* Work to be completed: Copy the data exactly as it appears, and do not include any pictures.

+++ The data

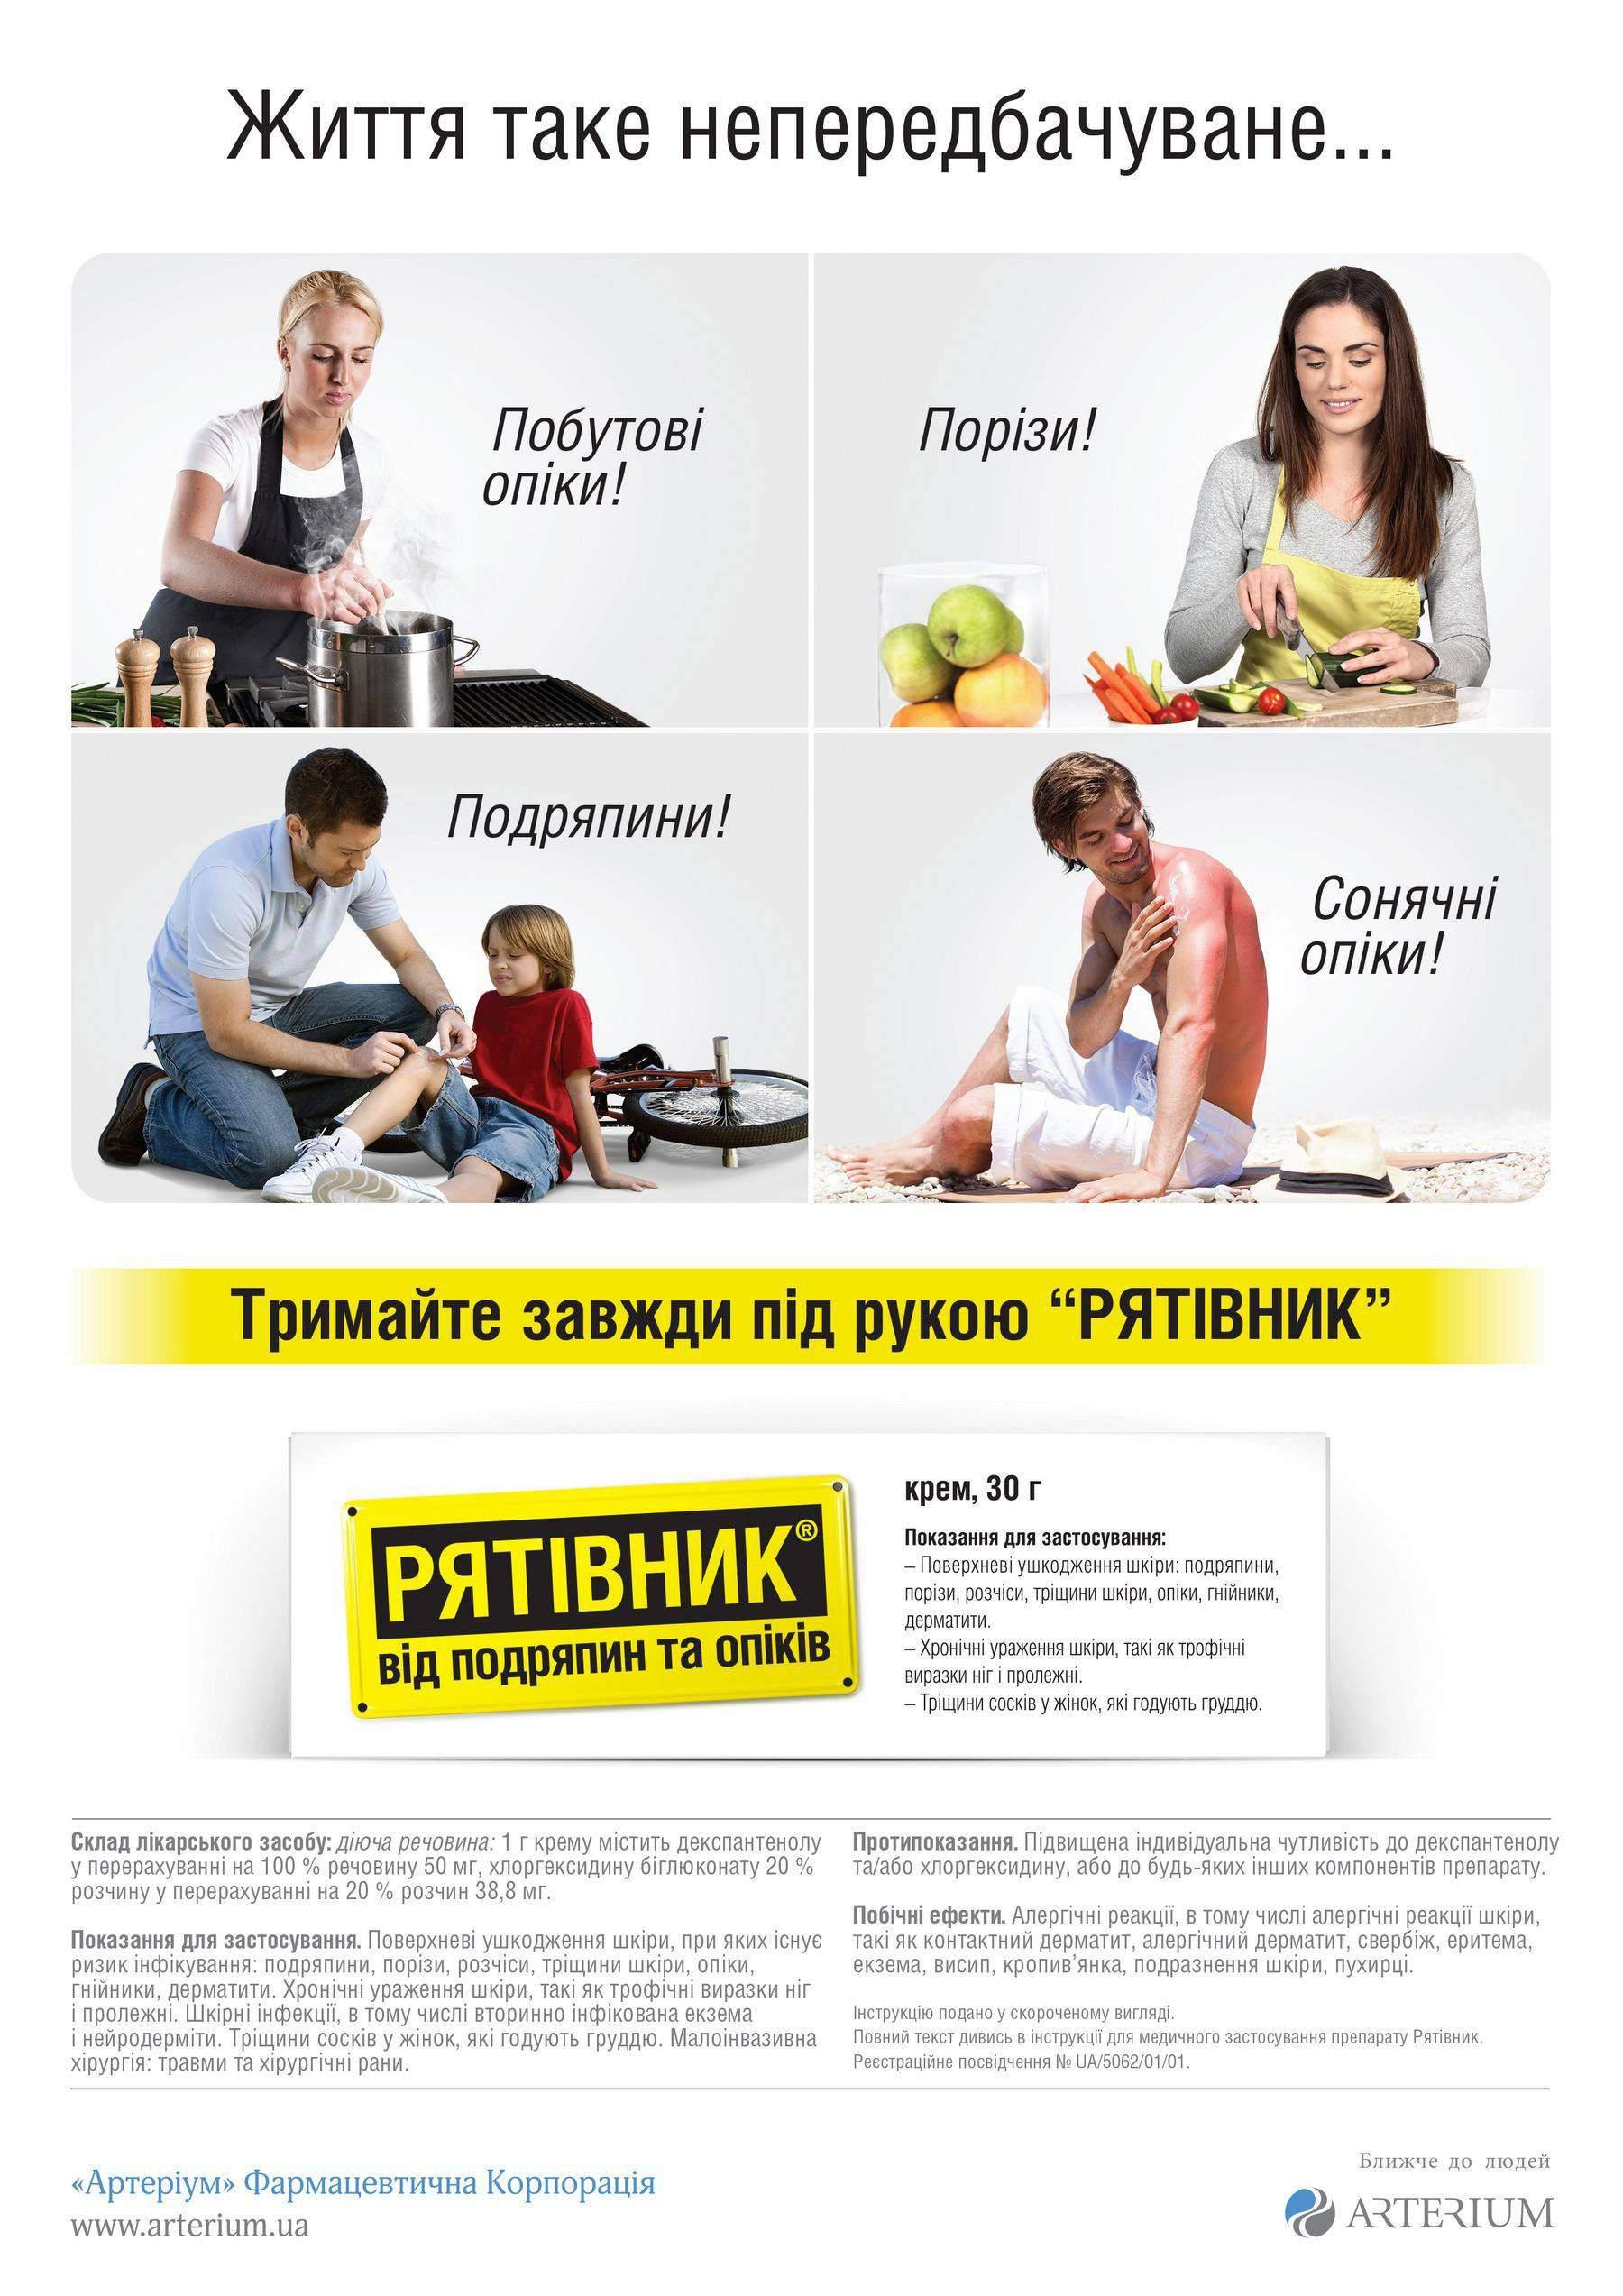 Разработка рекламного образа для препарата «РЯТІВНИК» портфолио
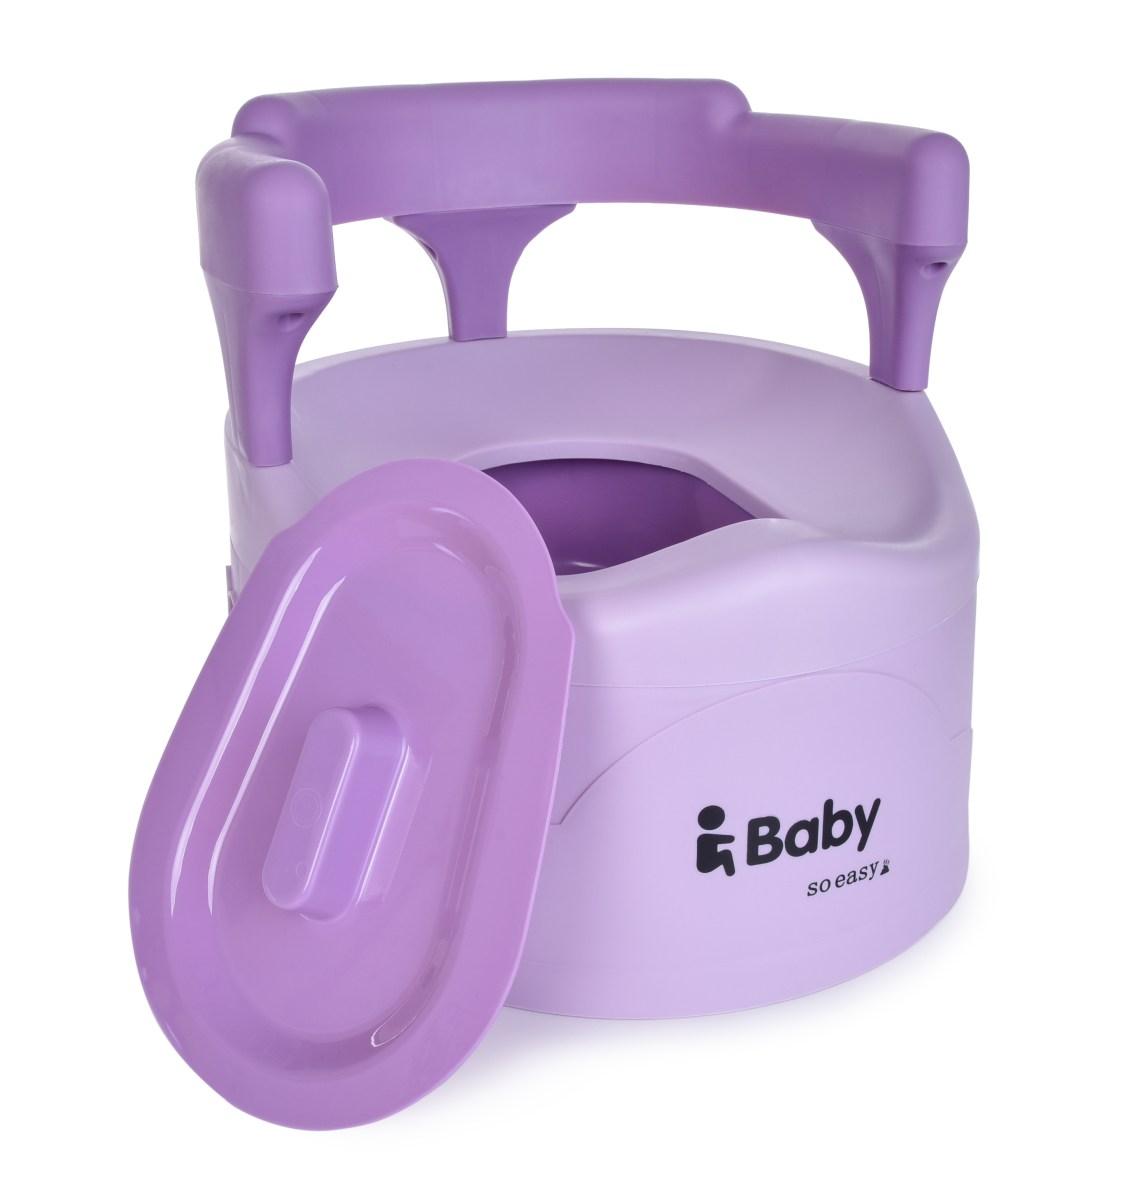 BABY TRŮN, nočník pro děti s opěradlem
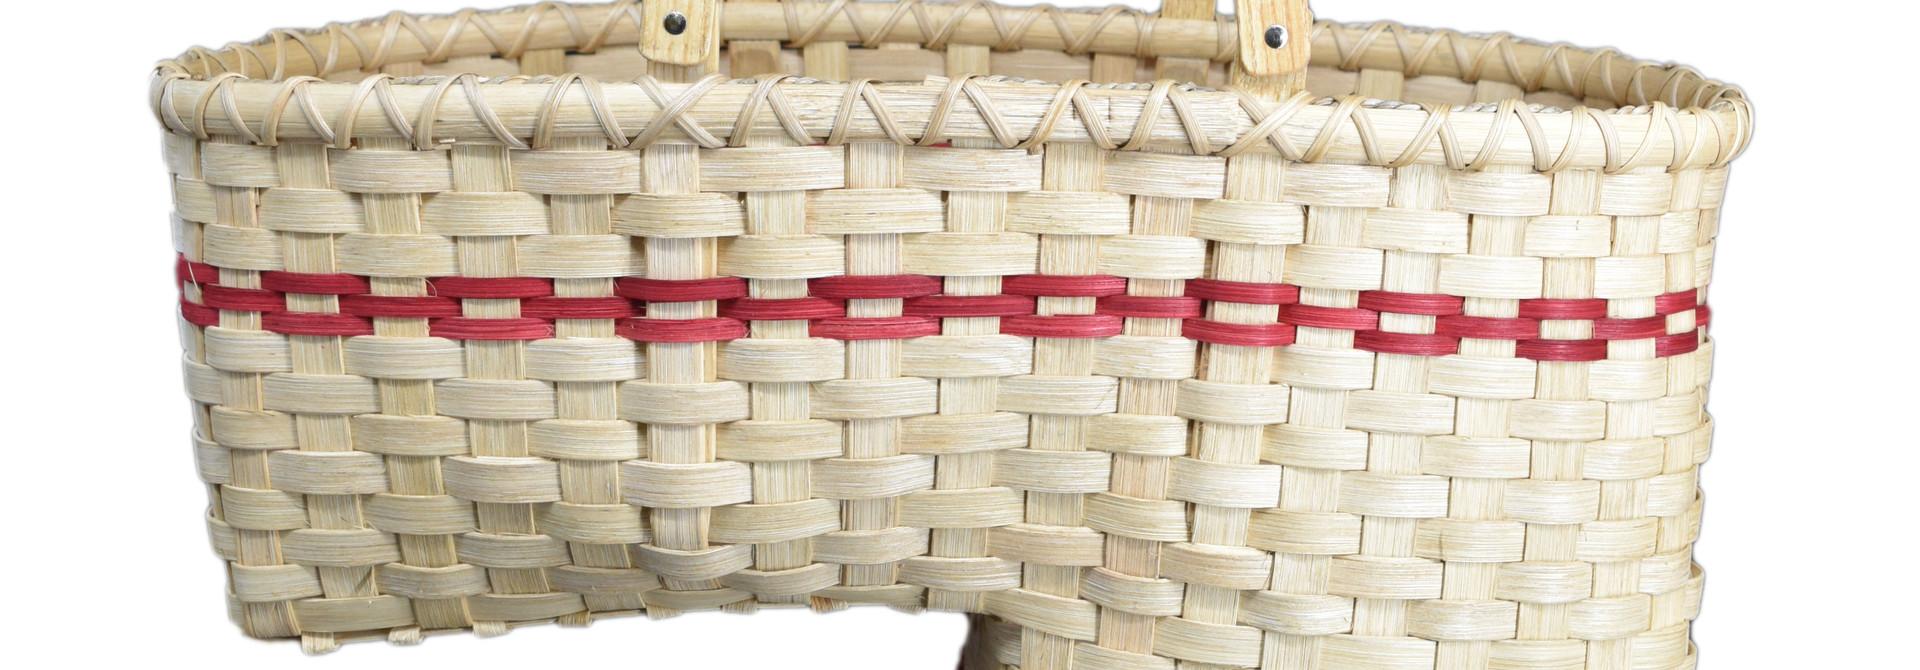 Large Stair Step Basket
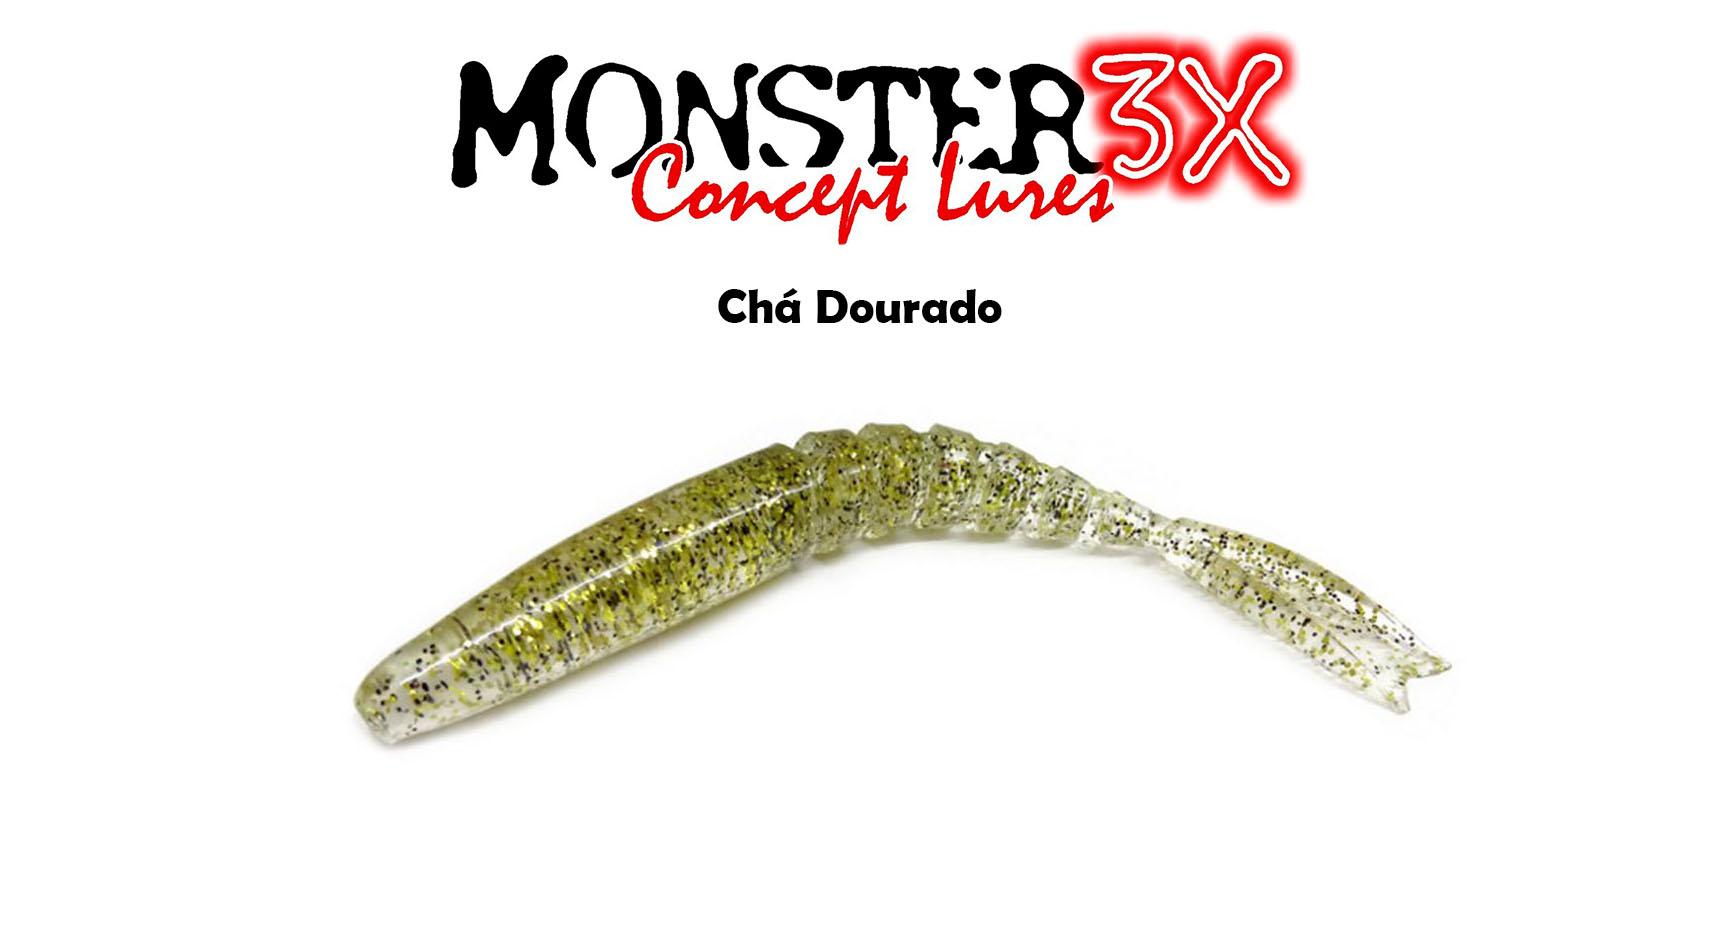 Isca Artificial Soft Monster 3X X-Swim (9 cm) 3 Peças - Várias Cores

++++++

* Answer for this exercise:
 Разработка рекламного образа для препарата «РЯТІВНИК» портфолио
 BABY TRŮN, nočník pro děti s opěradlem
 Large Stair Step Basket
 Isca Artificial Soft Monster 3X X-Swim (9 cm) 3 Peças - Várias Cores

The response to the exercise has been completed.